Мы знаем множество примеров такого рода физических закономерностей; ученые прошлого называли их “правилами”. Правило Аллена, сформулированное в 1877 году Джоэлом Асафом Алленом, гласит, что теплокровные животные, живущие в условиях более холодного климата, имеют более короткие придатки тела (конечности, уши, носы и др.), чем те, которые живут в условиях более теплого климата. Объяснение заключается в потере тепла: животные с более длинными придатками теряют больше тепла, чем животные с короткими придатками. А в соответствии с правилом Бергмана, названным в честь Карла Бергмана в 1844 году, в более холодном климате в среднем живут более крупные животные, чем в теплом. Это тоже связано с потерей тепла, поскольку мелкие животные имеют сравнительно большую по отношению к массе поверхность тела, через которую уходит тепло. Правила Аллена и Бергмана в целом справедливы для разных видов животных, обитающих в разных местах.
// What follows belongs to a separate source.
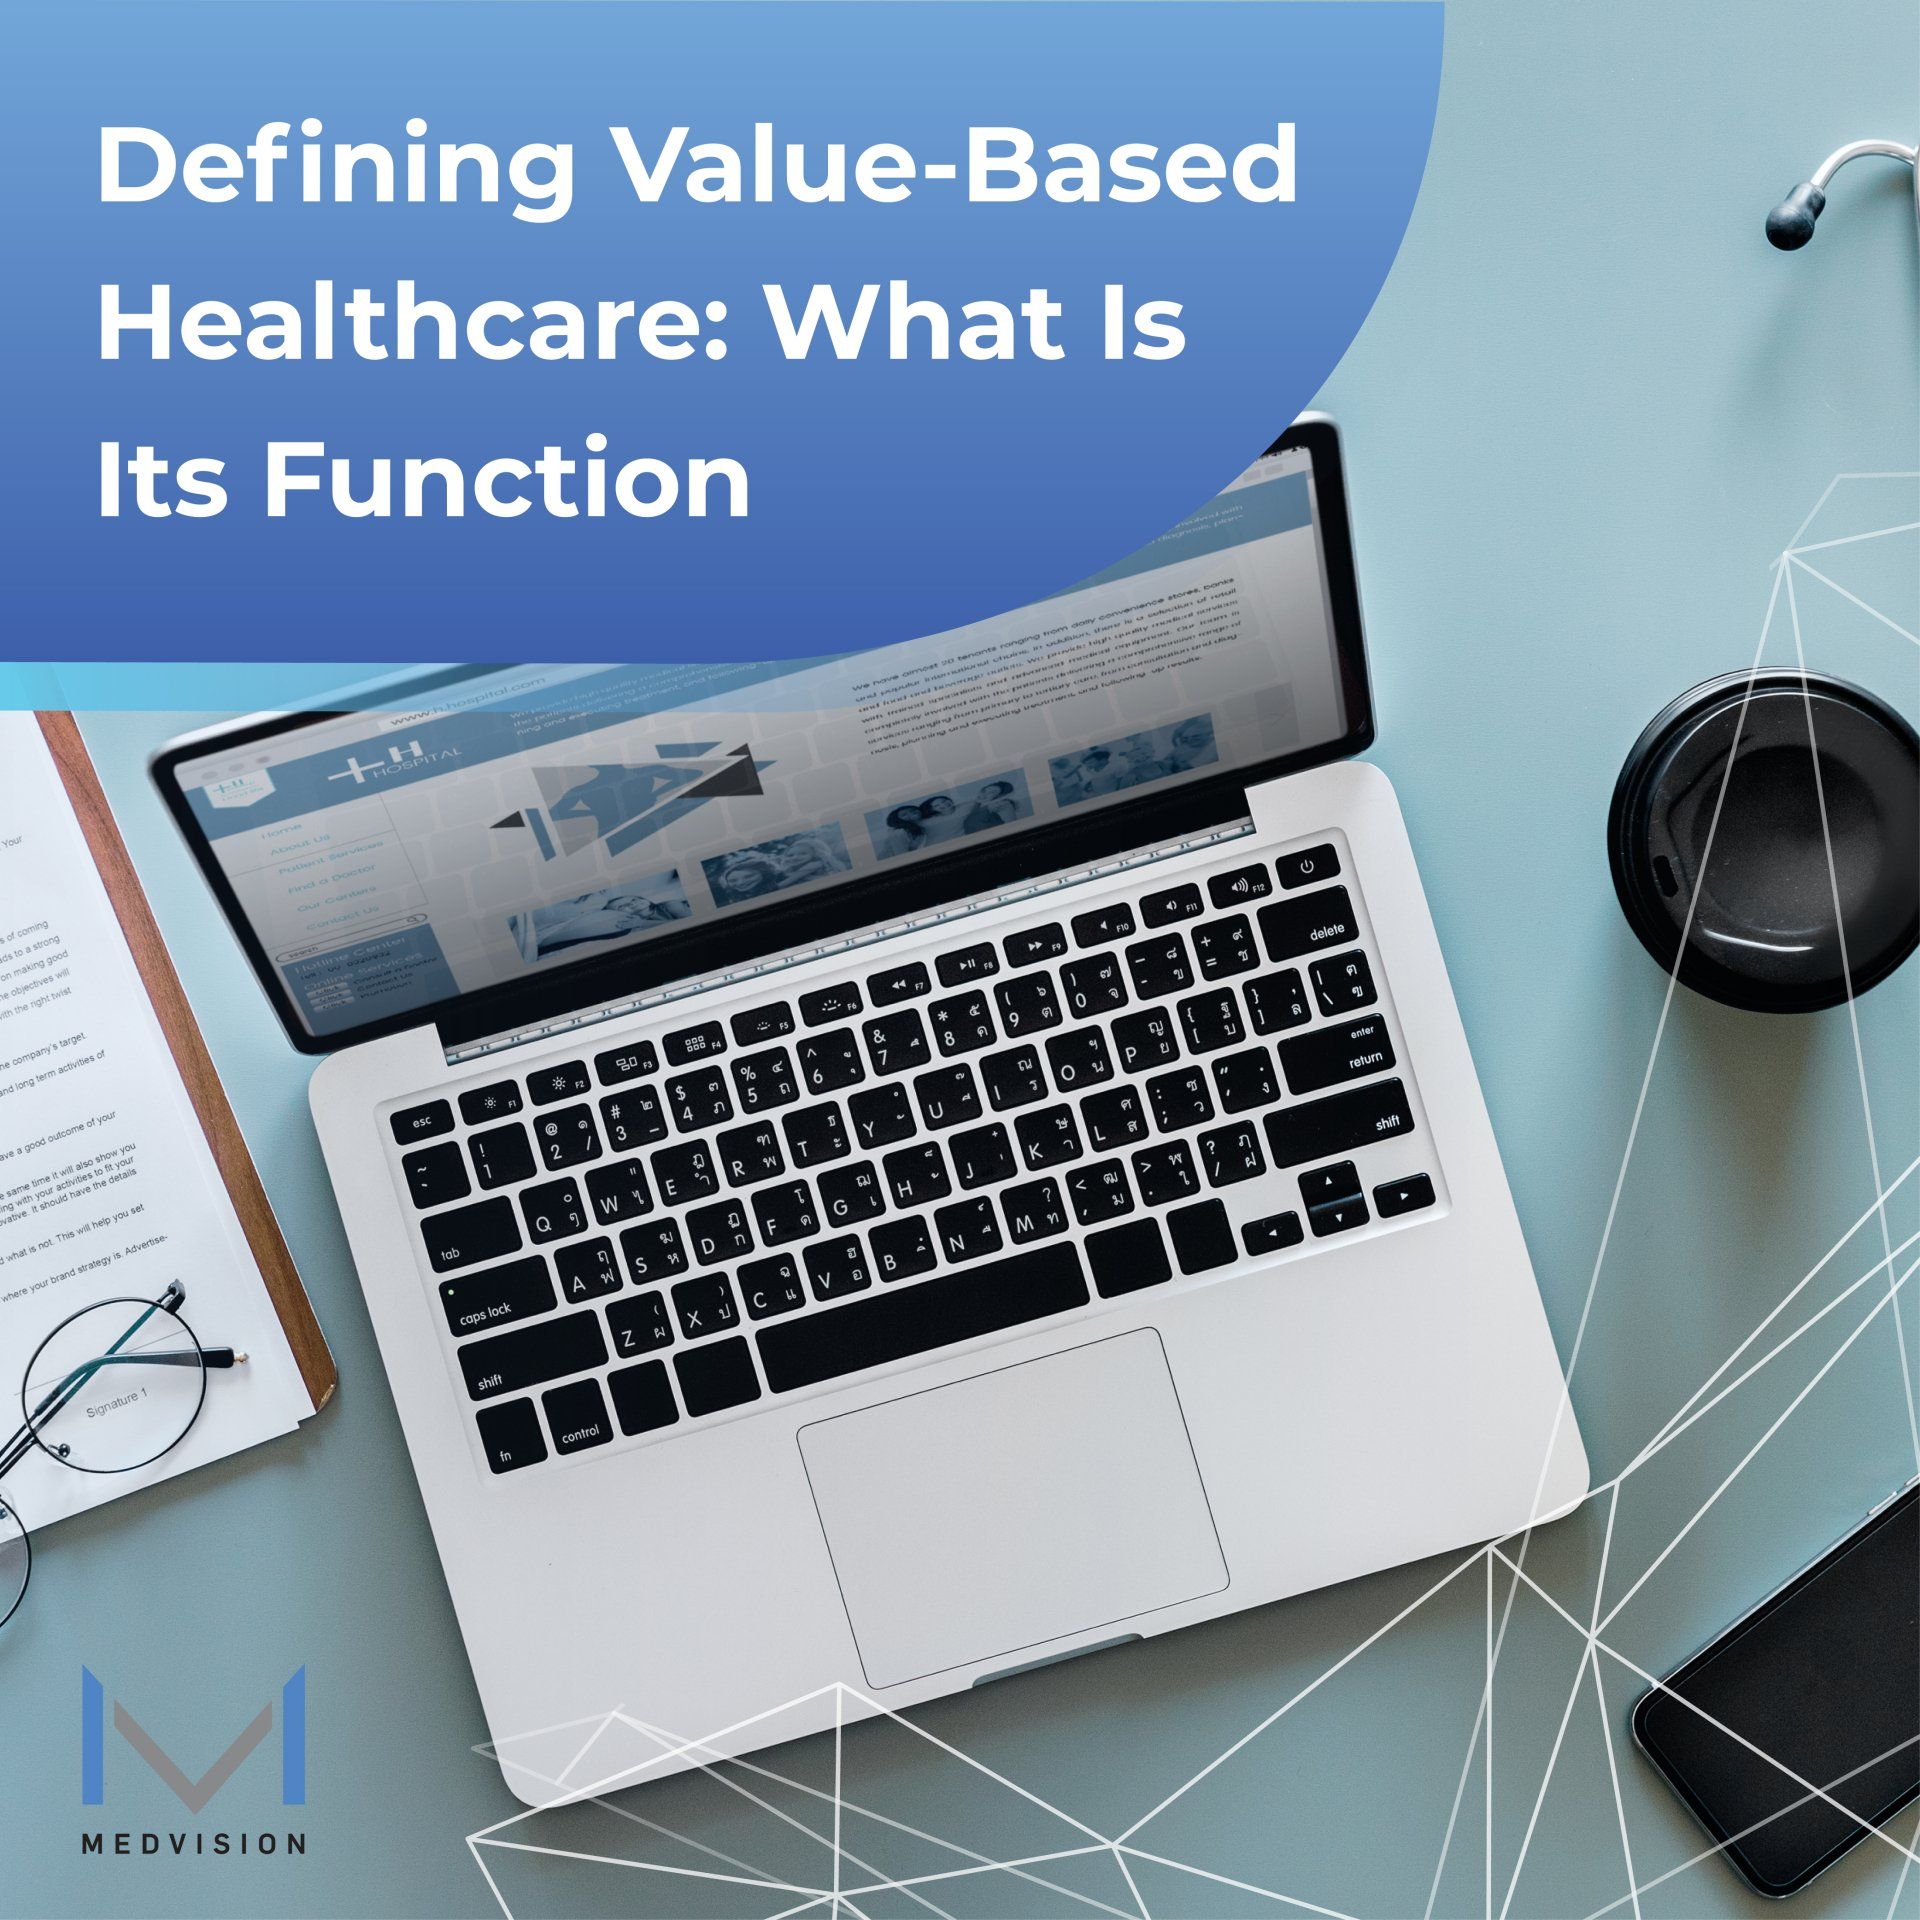 Defining Value-Based Healthcare: What Is Its Function

Но множественность может возникать и в другом варианте. Дарвин признавал, что в популяции не бывает двух одинаковых существ и что какие-то изменения могут позволить организму более успешно существовать в его среде обитания – быть здоровее и производить более многочисленное потомство. Эти различия – основа эволюции за счет естественного отбора: пока в популяции существуют вариации признаков и какие-то из них влияют на успешность существования организмов в их среде, неизбежно будут происходить эволюционные изменения. Естественный отбор действует только при условии разнообразия популяции. Если между особями нет различий, нет и эволюции. Но что, если вариации каким-то образом предопределены? Что, если генетические и эволюционные механизмы, ответственные за построение тел и органов, легче создают одни варианты структуры, чем другие, или вообще не имеют альтернатив? Если это так, знание законов построения органов животных в процессе эмбрионального развития может помочь предсказать их вариации в популяции и, как следствие, вероятные пути их эволюции.
Холодные ноги
Окончив обучение в Гарварде, я отправился на Запад, в Калифорнийский университет в Беркли, чтобы учиться в одном из знаменитых музеев зоологии и палеонтологии. Через несколько недель заразительный энтузиазм Дэвида Уэйка в отношении саламандр охватил и меня, и я начал разрабатывать проект, который мог бы выполнять в сотрудничестве с его группой. На самом деле я перебрался в Калифорнию не только чтобы работать в музеях и заняться саламандрами, но и чтобы сменить климат. Пять лет в Кембридже, в Массачусетсе, и летние полевые работы в Гренландии и Канаде подтолкнули меня к тому, чтобы покинуть тьму и холод и отогреться под калифорнийским солнцем.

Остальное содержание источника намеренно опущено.